Accordingly, I respectfully concur in the majority’s affirmation of the trial court’s granting of summary judgment.

. Paragraph C of La.Code Civ. Proc. art. 3061 became effective in August 15, 2010. The legislature did not express its intent pertaining to retrospective or prospective application of Paragraph C, but it clearly is not a substantive change and therefore is applicable retroactively. See Sudwischer v. Estate of Hoffpauir, 97-0785, p. 9 (La. 12/12/97), 705 So.2d 724, 728. Because an appellate court is bound to apply the law as it exists at the time of its decision, see Jacobs v. City of Bunkie, 98-2510, (La.5/18/1999), 737 So.2d 14, 19 (even where the law has changed during pen-dency of suit, if retroactive application is permissible, new law applies on appeal), Paragraph C is determinative in the matter before us.

. Mrs. Minvielle has not sought review of the denial of her motion for summary judgment in this appeal of the final judgment granting Mrs. DiLeo's motion for summary judgment. She was entitled to seek review of the merits of the ruling of that interlocutory judgment at the same time she seeks review of the merits of the final judgment. See People of the Living God v. Chantilly Corp., 251 La. 943, 207 So.2d 752 (1968). See also Roger A. Stetter, LOUISIANA CIVIL APPELLATE PROCEDURE, § 3:32 (2010-2011 ed.) ("When an unrestricted appeal is taken from a final judgment, the appellant is entitled to seek review of all adverse interlocutory rulings adverse to him, in addition to review of the final judgment.”) Mrs. Minvielle’s failure to assign as error the denial of her motion ordinarily prevents us from considering the merits and granting her relief therefrom. See Rule 2-12.4, Uniform Rules — Courts of Appeal. But see also La. C.C.P. arts. 2124 and 2129, and Merrill v. Greyhound Lines, Inc., 10-2827 (La.4/29/11), 60 So.3d 600.

. By custom I refer to Judge Lombard’s opinion as the majority opinion although only the result and not the reasoning commands a majority.

. I do note that Mrs. DiLeo has sought alternative relief to annul the original judgment in the event that the amended judgment was annulled.
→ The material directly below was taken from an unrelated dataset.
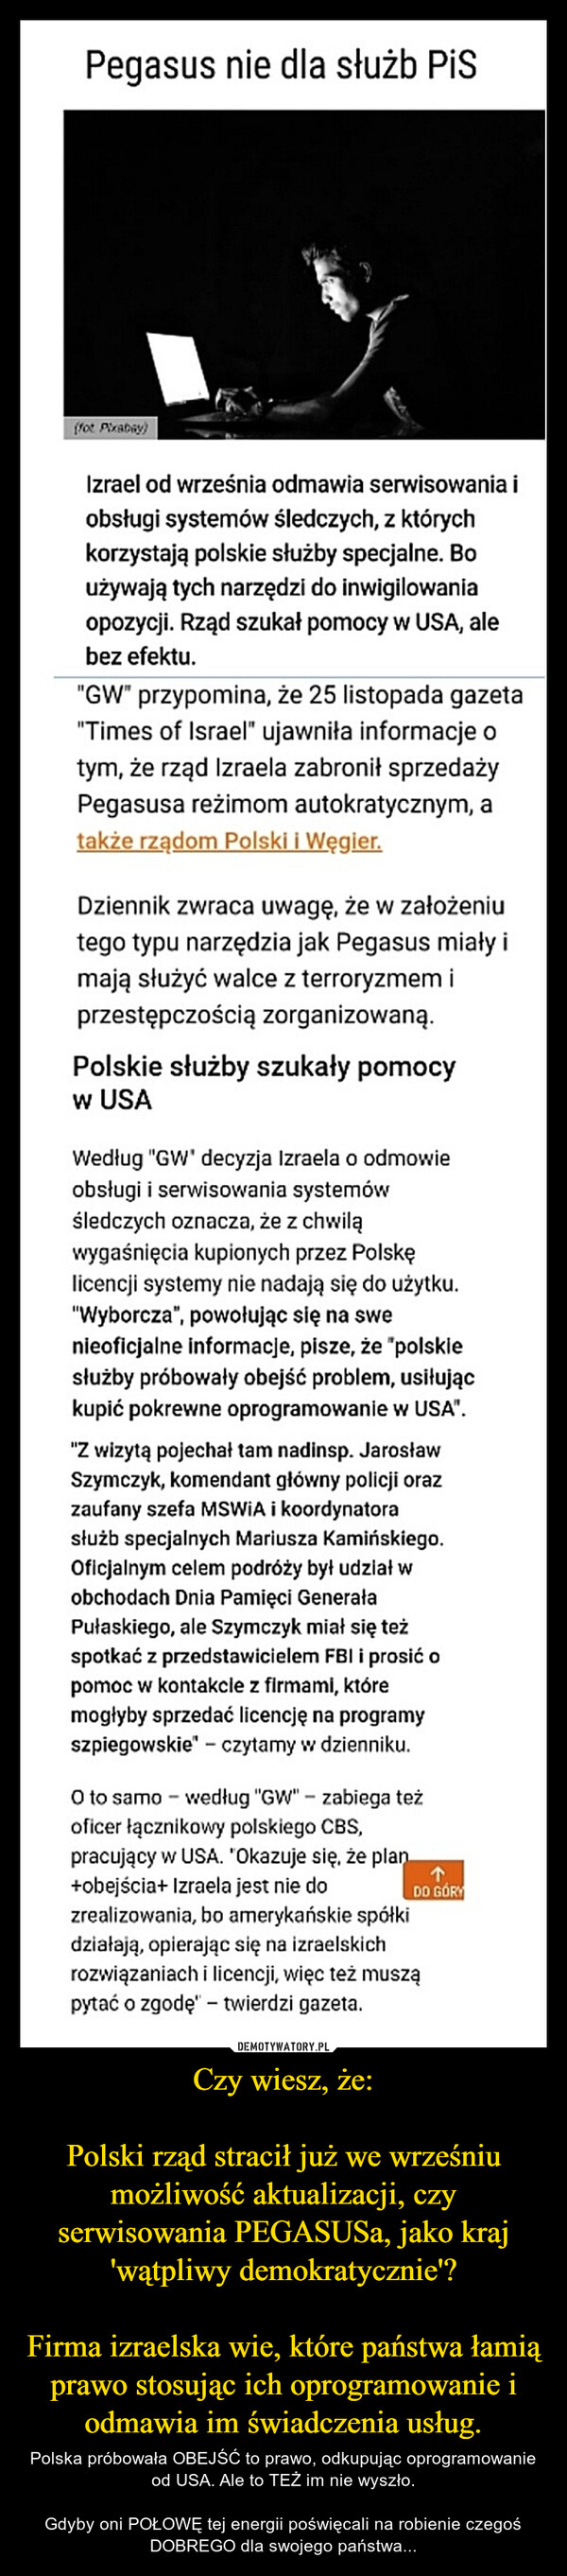 Czy wiesz, że:Polski rząd stracił już we wrześniu możliwość aktualizacji, czy serwisowania PEGASUSa, jako kraj 'wątpliwy demokratycznie'?Firma izraelska wie, które państwa łamią prawo stosując ich oprogramowanie i odmawia im świadczenia usług. – Polska próbowała OBEJŚĆ to prawo, odkupując oprogramowanie od USA. Ale to TEŻ im nie wyszło.Gdyby oni POŁOWĘ tej energii poświęcali na robienie czegoś DOBREGO dla swojego państwa... 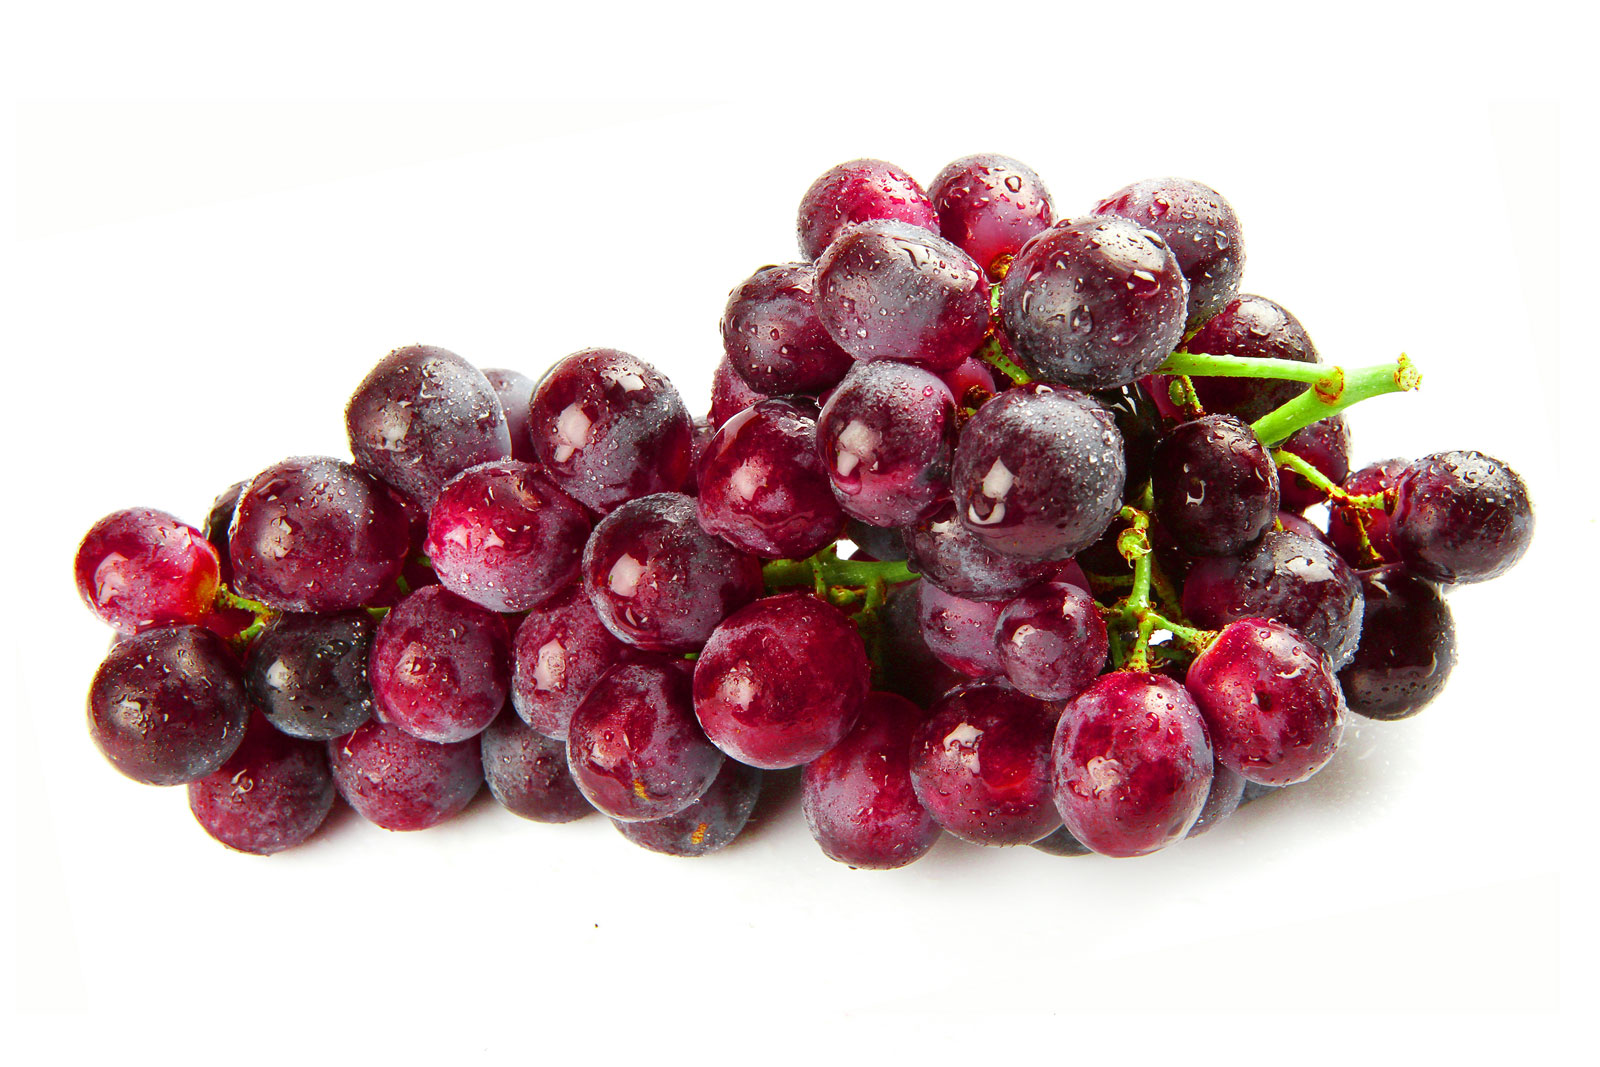 Foto de um cacho de uva vermelha sobre uma superfície branca

. Because the testament contains a general legacy, "then by definition under this article there cannot also be a universal legacy. The two legacies are defined in such a way that they cannot exist in the same testament.” Revision Comments — 1997 to La. Civil Code art. 1585. Thus, there are no universal legatees under Mr. DiLeo's testament.

. Mrs. DiLeo also filed a supplemental recon-ventional demand in which she specially pleads Article 3061 C, about which enough has been set forth.

. On remand, Mrs. Minvielle could re-file her motion for summary judgment.

. The majority arrives at this conclusion by relying upon La.Code Civ. Pro. art. 3061(C), which provides that a judgment sending one into possession of a testamentary usufruct automatically incorporates all the terms of the testamentary usufruct without the necessity of stating them. I note that Paragraph C of *502article 3061 was added by the legislature by Acts 2010, No. 226, which became effective August 15, 2010. In the instant case, however, the initial judgment of possession was signed on May 11, 2001 and was amended by the trial court on February 26, 2010, both before the effective date of the statutory amendment adding Paragraph C. I therefore believe the majority’s reliance upon this statute is misplaced.

. See La.Code Civ. Pro. arts. 1971, et seq. (motion for new trial) and 2001, et seq. (action for nullity).

. La. C.C.P. art. 1061 permits the defendant to assert by reconventional demand "any cause of action” he may have against the plaintiff and requires the defendant to assert by reconventional demand all causes of action he may have against the plaintiff that arise out of the transaction or occurrence that is the subject matter of the principal action. In the instant case, therefore, Mrs. DiLeo was clearly permitted, and arguably required, to assert her action for nullity of the original judgment by reconventional demand in the instant suit.